Re: SYN_REPLY

On Tue, Feb 26, 2013 at 4:15 PM, Martin Thomson <martin.thomson@gmail.com>wrote:

> On 25 February 2013 20:42, William Chan (陈智昌) <willchan@chromium.org>
> wrote:
> > Fully agreed it's more general. I think that unless we go all the way
> with
> > ditching SYN_STREAM too (which I disagree with), then I think it's a net
> > loss (primarily due to more difficulty in grokking the spec) to save a
> frame
> > type value and combine SYN_REPLY and HEADERS into one.
>
> I'm interested in what you feel SYN_STREAM provides that you can't get
> with HEADERS.
>
> I don't care either way about whether the priority is in the message
> or not.  So, in the interests of saving those few bytes, that's a
> feature that could be retained (or even moved to HEADERS).
>

I'm not completely clear here on the stated proposal, so I'll just
reclarify my position here. I think that the priority should be
communicated in the same frame which starts the stream, whether that frame
be called SYN_STREAM or HEADERS. I'm not sure if it makes sense to continue
including the priority information for followup headers, that may arrive in
a HEADERS frame. I'm leaning towards saying it does not.


>
> The only other thing is the UNIDIRECTIONAL flag.  This flag is
> currently redundant: all streams sent by the client are bidirectional,
> and all streams from the server are unidirectional without exception.
>

I think in the normal HTTP use case, yes. But when you view HTTP/2 as a
transport layer for other protocols, then I think it might be reasonable to
have the server initiate a bidirectional stream.
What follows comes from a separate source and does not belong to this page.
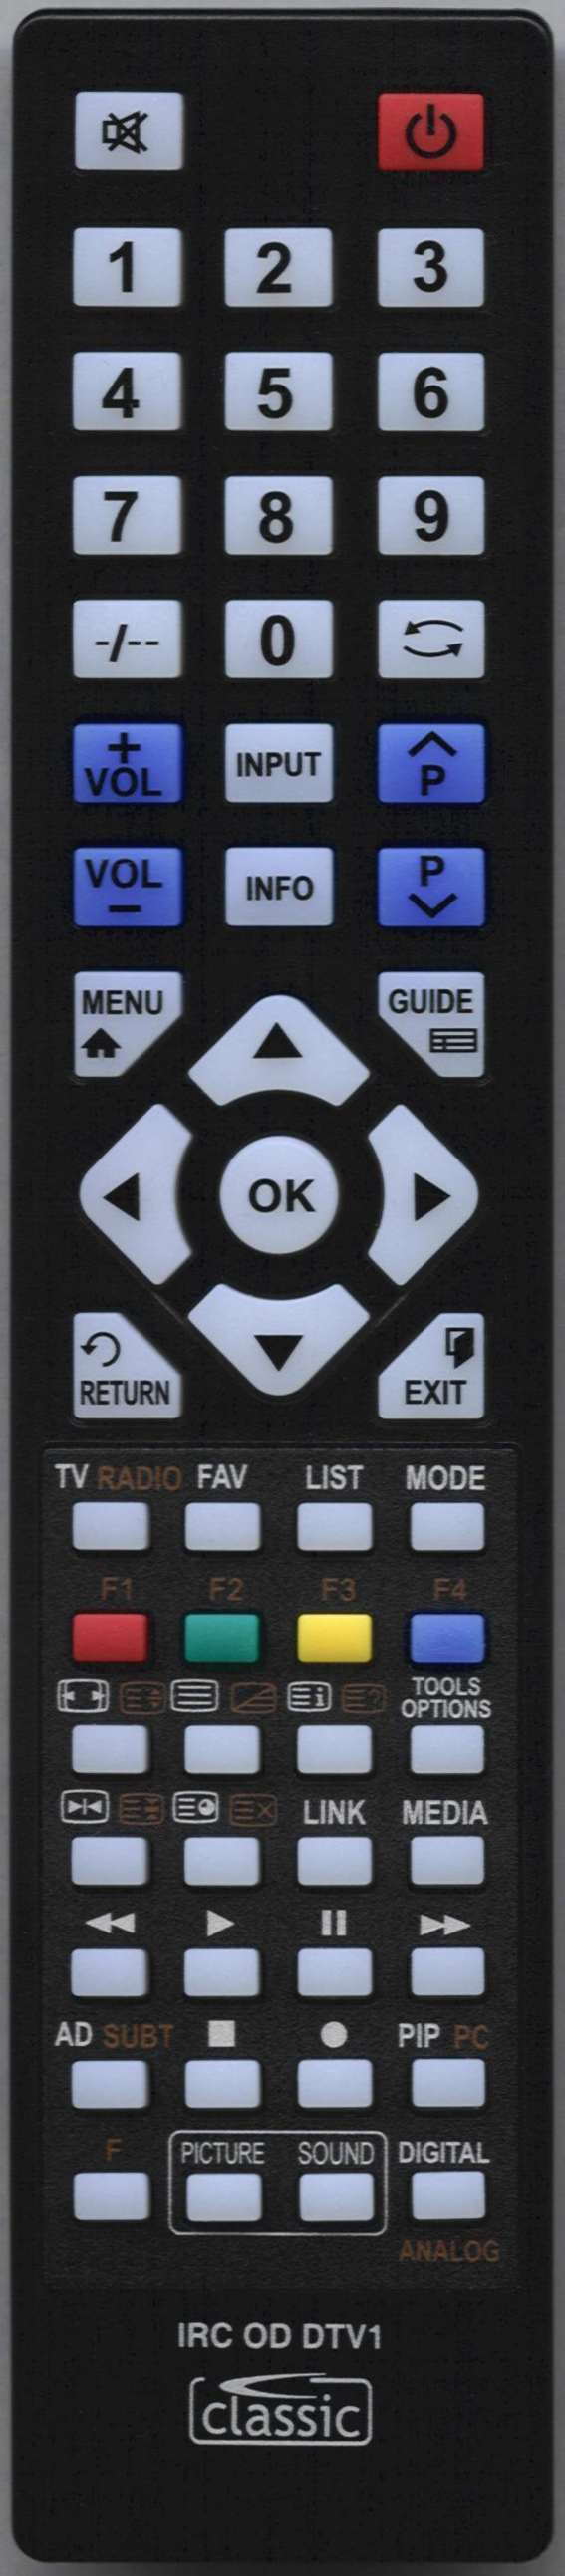 MATSUI TVR 2095TT Remote Control
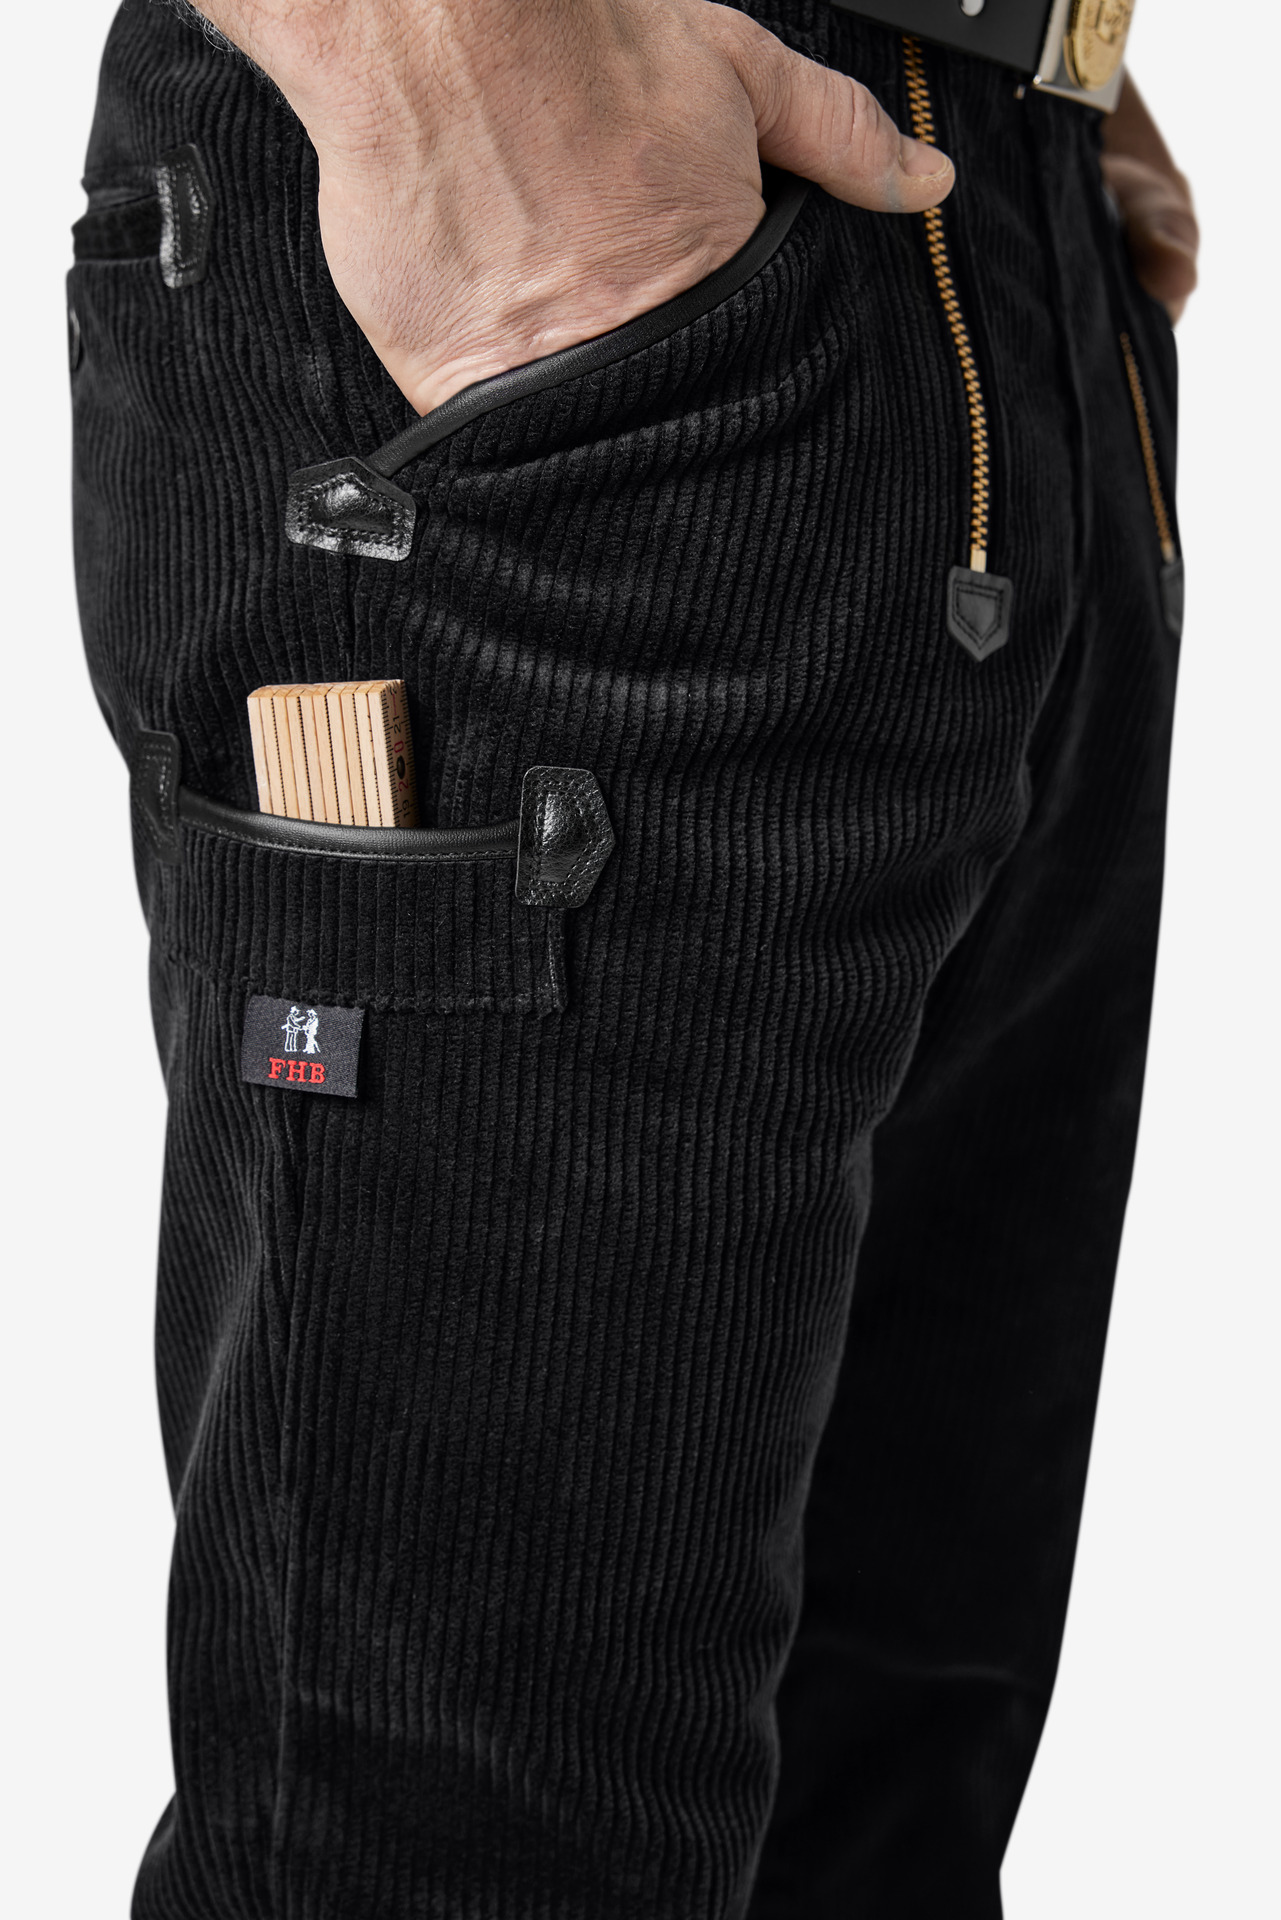 Cordhose schwarz mit Seitentaschen und Zollstocktasche

Currently there's no
binding for that in the web platform, but you could imagine it (register an
event handler for server initiated streams, rather than relying on hanging
GETs / client initiated WebSockets). I don't feel strongly here due to not
having a concrete use case.


> As I said in another mail, I'm not sure that SYN_STREAM/SYN_REPLY
> actually help with understanding the spec.  On the contrary, I think
> that they lead to false impressions about how streams start.  They
> imply negotiation, which is far from the case.
>

Intriguing. I did not read the read the earlier email and that was my bad.
I think I have a bias because it's always been called SYN_STREAM and
SYN_REPLY and that's how I conceptualize it. I'm willing to say that my
conceptions on the naming might be very biased and maybe should be
discounted.

In summary, here's my current position:
* the first frame for a stream should include its priority (to be clear, I
don't view the PUSH_PROMISE as belonging to the promised new stream, but to
the associated stream)
* it feels weird to me for subsequent frames on the stream that include the
header name/value block to also include the priority. i don't like the
tight coupling of that.
* i feel less strongly about the naming of SYN_STREAM+SYN_REPLY vs HEADERS,
after what Martin wrote. i fully admit my mental bias here.